Идти было холодно. От боли в сердце я чувствовал странную зябкость и утомленность. Поскорей бы уйти в теплоту, в знакомую комнату, к знакомым предметам. И это переживется, как переживается все. Надо только дать сердцу время. Я поднялся, засветил лампу и вынул свои коллекции, собранные на Ичхоре. Гербарий был еще не разобран. С жалкой улыбкой — над самим собою — я стал раскладывать бедные цветики и расправлять им их невинные зеленые лапочки.
Глава семнадцатая
ЖЕЛАННОЕ И ДОЗВОЛЕННОЕ
Хансен работает в зале. Он стоит на высокой лестнице в своей серой блузе и прибивает что-то молотком. Фуражка со стеклянными очками сдвинута на лоб; взгляд у него сосредоточенный, губы сжаты.

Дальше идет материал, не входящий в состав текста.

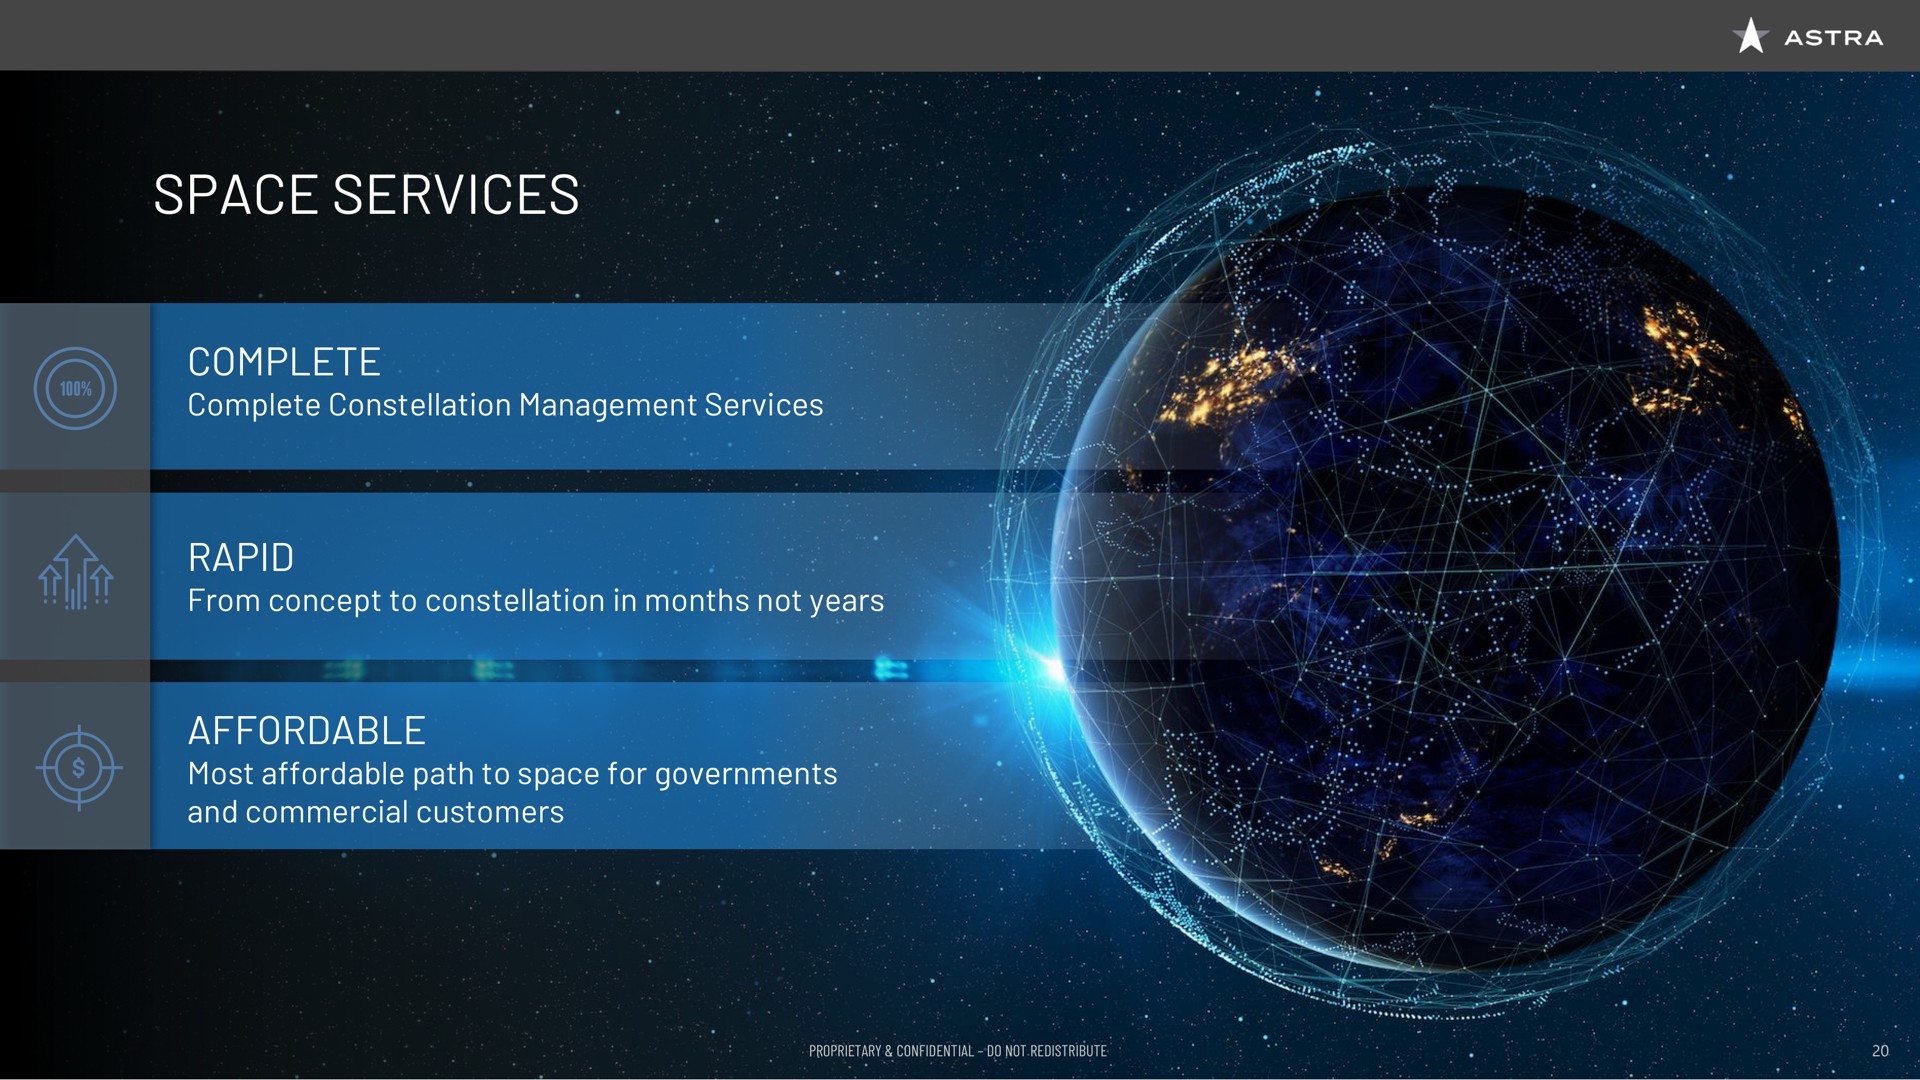 space services complete complete constellation management services rapid from concept to constellation in months not years affordable most affordable path to space for governments and commercial customers | Astra

Внизу, положив руки в карманы и приподняв плечи, прогуливается Ястребцов, время от времени делая ему замечания своим суховатым, похожим на треск дров в камине, голосом.
— Ведите провода горизонтально, вот так. Лампочки должны сидеть сплошным рядом, под материей. Это возможно?
— Возможно, — философски отвечает Хансен и, раскачиваясь, лезет на верхнюю ступеньку. Он заработался и посвистывает. Быстрым взглядом меряя длину проводов, он буравит стену и бормочет: — Отчего не возможно? Проведем и этак.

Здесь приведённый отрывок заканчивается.